Starting in August 1944, she made routine operational trips from Portland, England, to the Normandy beaches and to the French ports of Rouen, Le Havre, Cherbourg, and Saint-Michel-en-Grève. By the time she departed for home in June 1945, LST-279 had made 74 Channel crossings in support of the Allied armies in Europe.

After unloading cargo at Norfolk, Virginia the tank landing ship proceeded to New Orleans for maintenance availability and repairs. Following a short post-repair cruise to Galveston, Texas LST-279 moved to Green Cove Springs, Florida on the St. Johns River in Florida, where she joined the Atlantic Reserve Fleet on 12 October 1945. LST-279 was decommissioned there on 27 June 1946.
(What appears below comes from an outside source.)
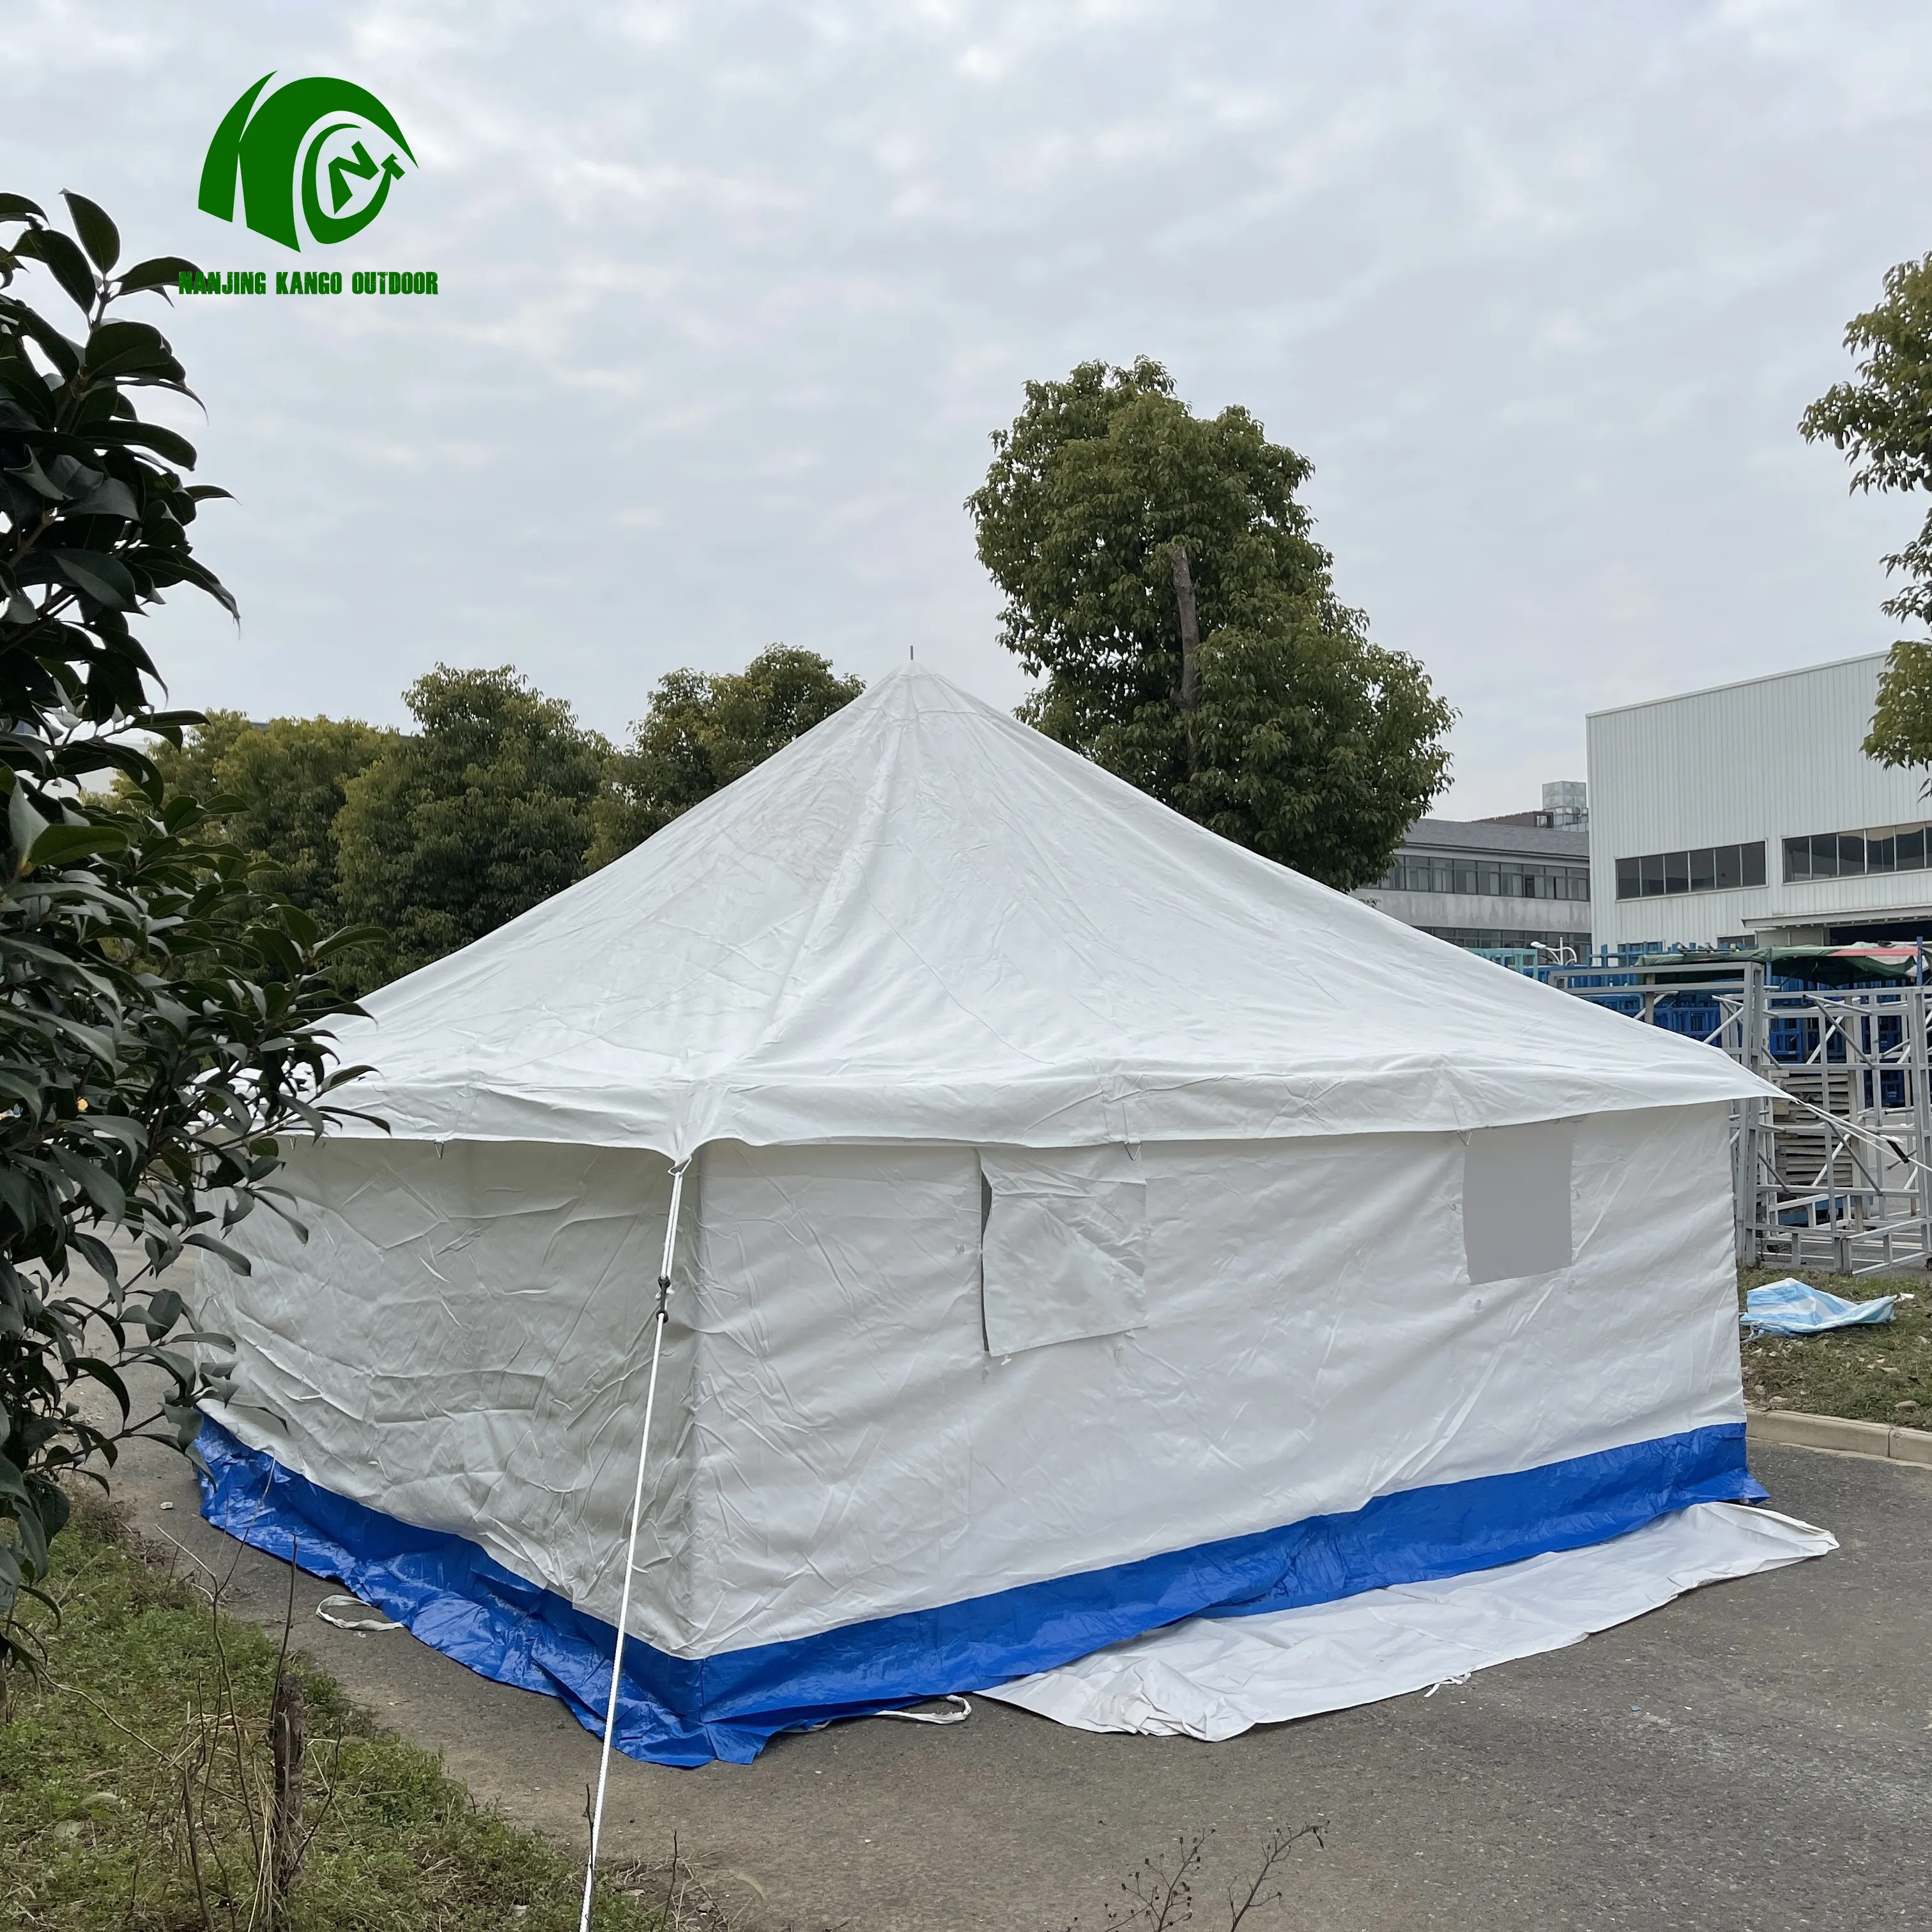 Kango tenda darurat, tenda bencana darurat 4*4M dengan kain oxford 420D 600D dan tenda bantuan bencana ukuran besar PVC

====Atlantic Fleet, 1951-1955 ====
On 20 July 1950 in consequence of the June 1950 invasion of South Korea by communist North Korea and the ensuing mobilization of units in the reserve fleet, the tank landing ship was tapped for activation the following year. On 5 April 1951, LST-279 was recommissioned at Green Cove Springs and reported to the Atlantic Fleet for duty. The tank landing ship operated out of Norfolk for the next three and a half years, carrying out a variety of training missions and hauling cargo up and down the east coast.
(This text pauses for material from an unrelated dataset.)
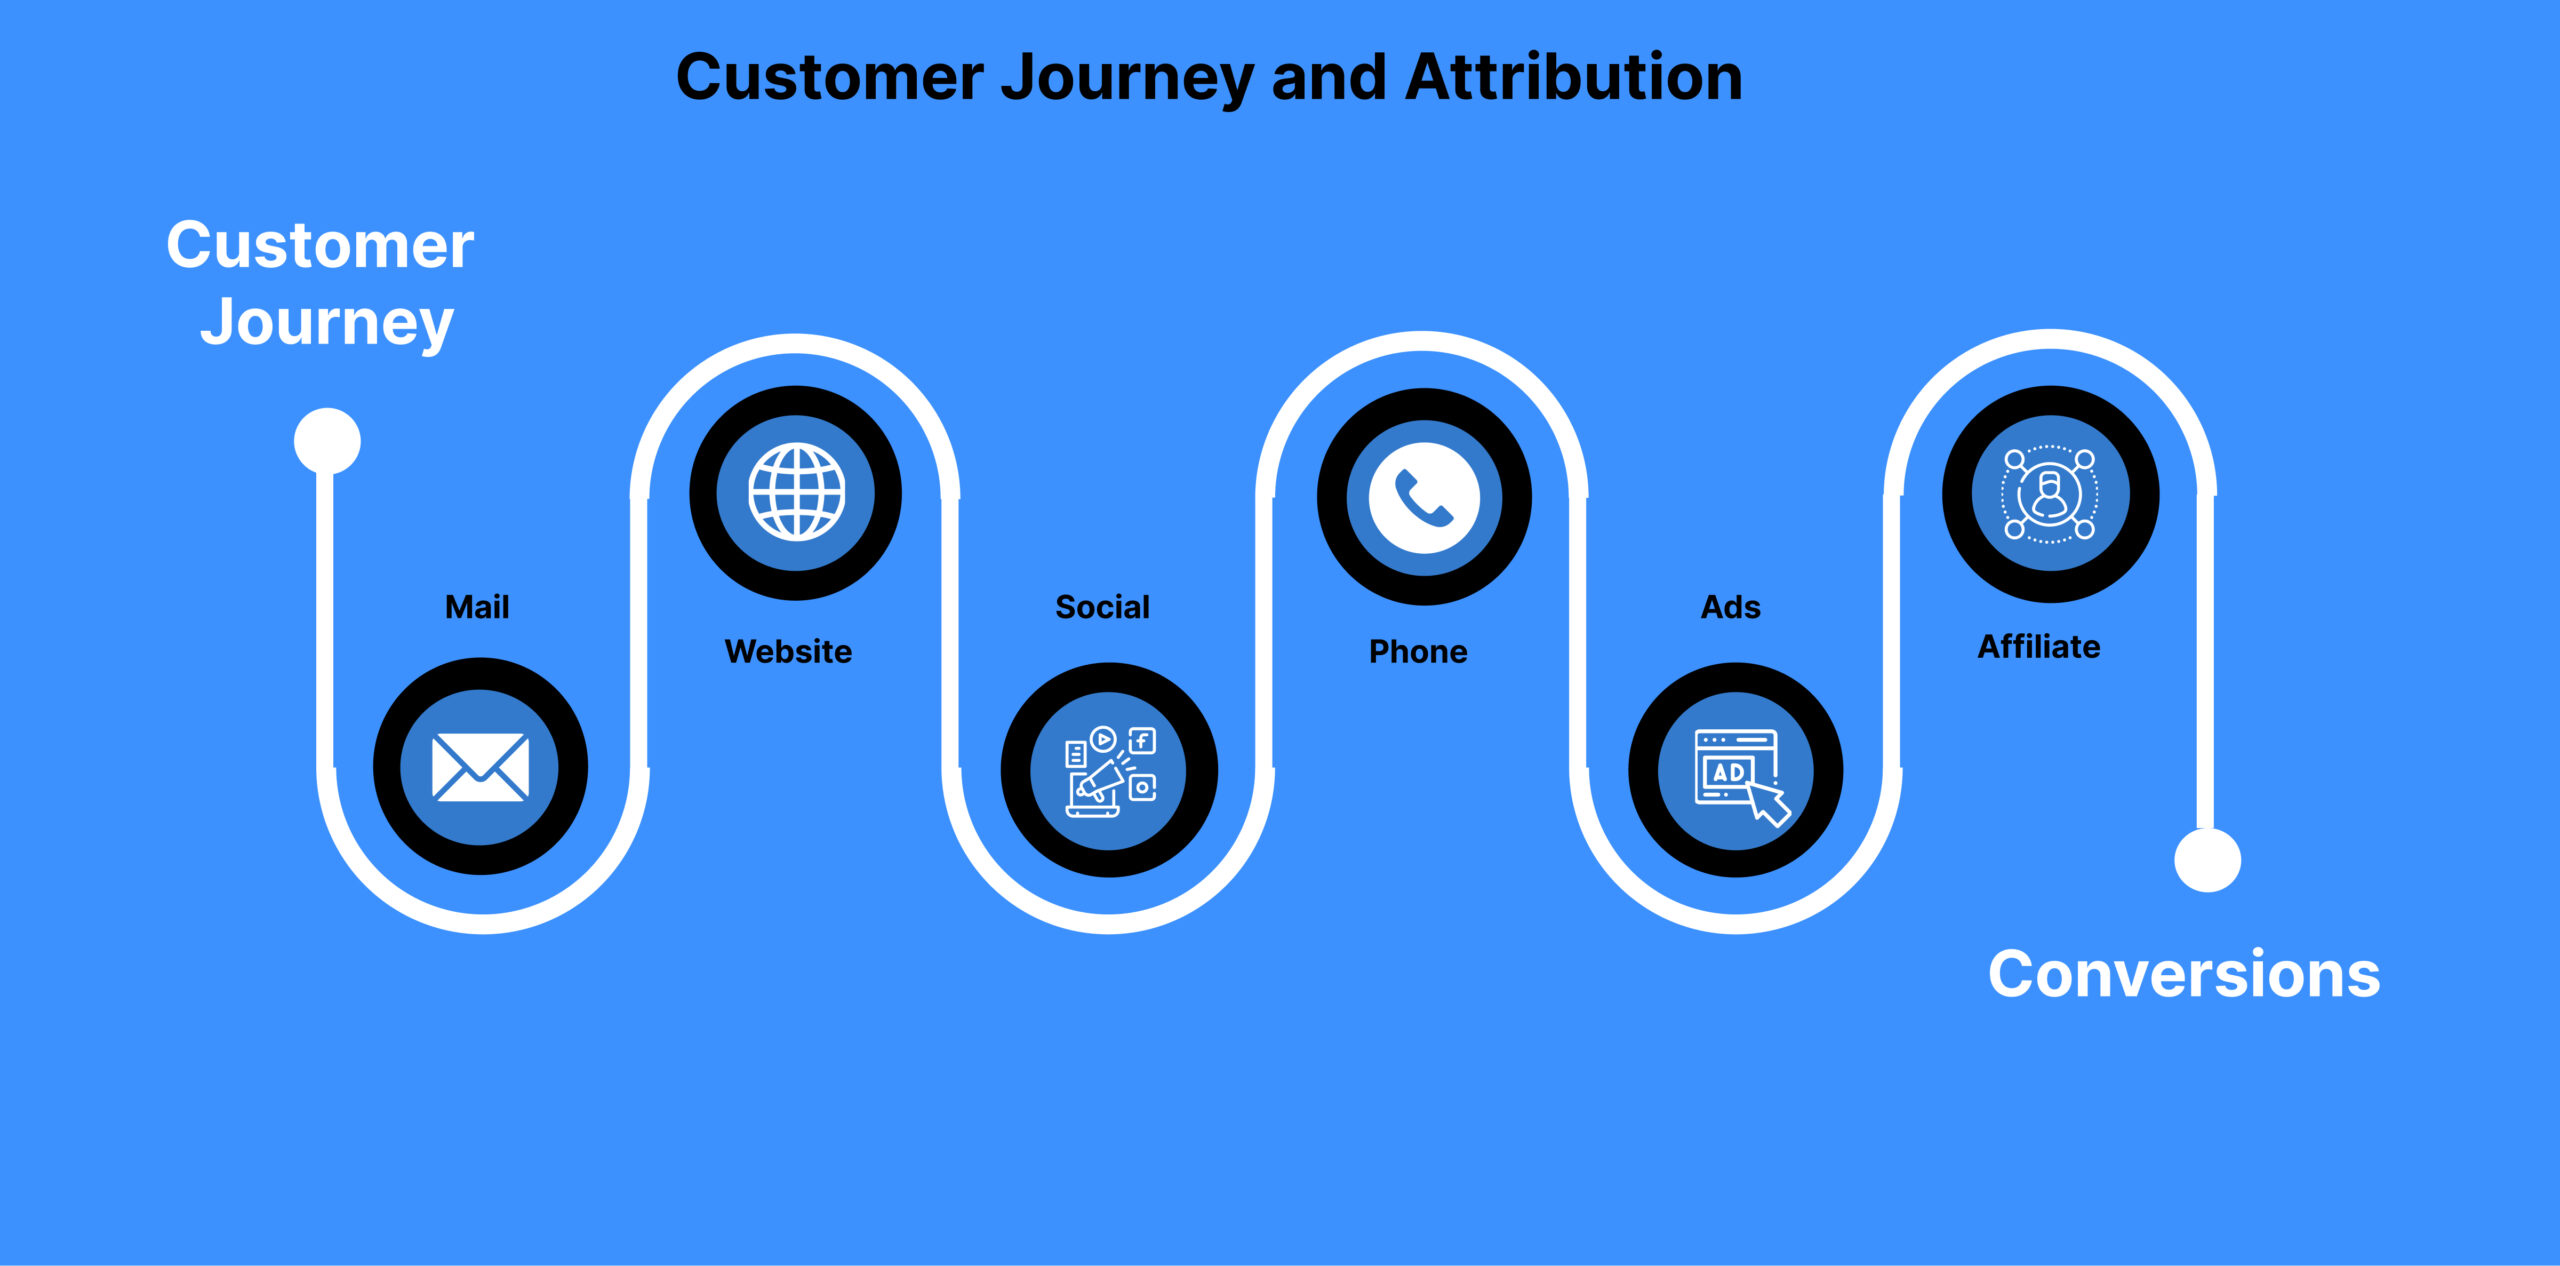 Customer Journey and Attribution

In January 1955 she sailed south, passed through the Panama Canal, and steamed to Long Beach, California. There, LST-279 commenced inactivation procedures after being transferred to the Pacific Reserve Fleet on 1 February. LST-279 was decommissioned at Long Beach on 14 June 1955.

Although named USS Berkeley County (LST-279) on 1 July 1955 she never returned to Navy service, and her name was struck from the Naval Vessel Register on 25 April 1960.

===Service in the Republic of China Navy===
On 30 June 1955, the tank landing ship was transferred to the Nationalist Chinese Navy, in which she served as ROCS Chung Chie (LST-218).

== Awards ==
LST-279 earned one battle star for World War II service.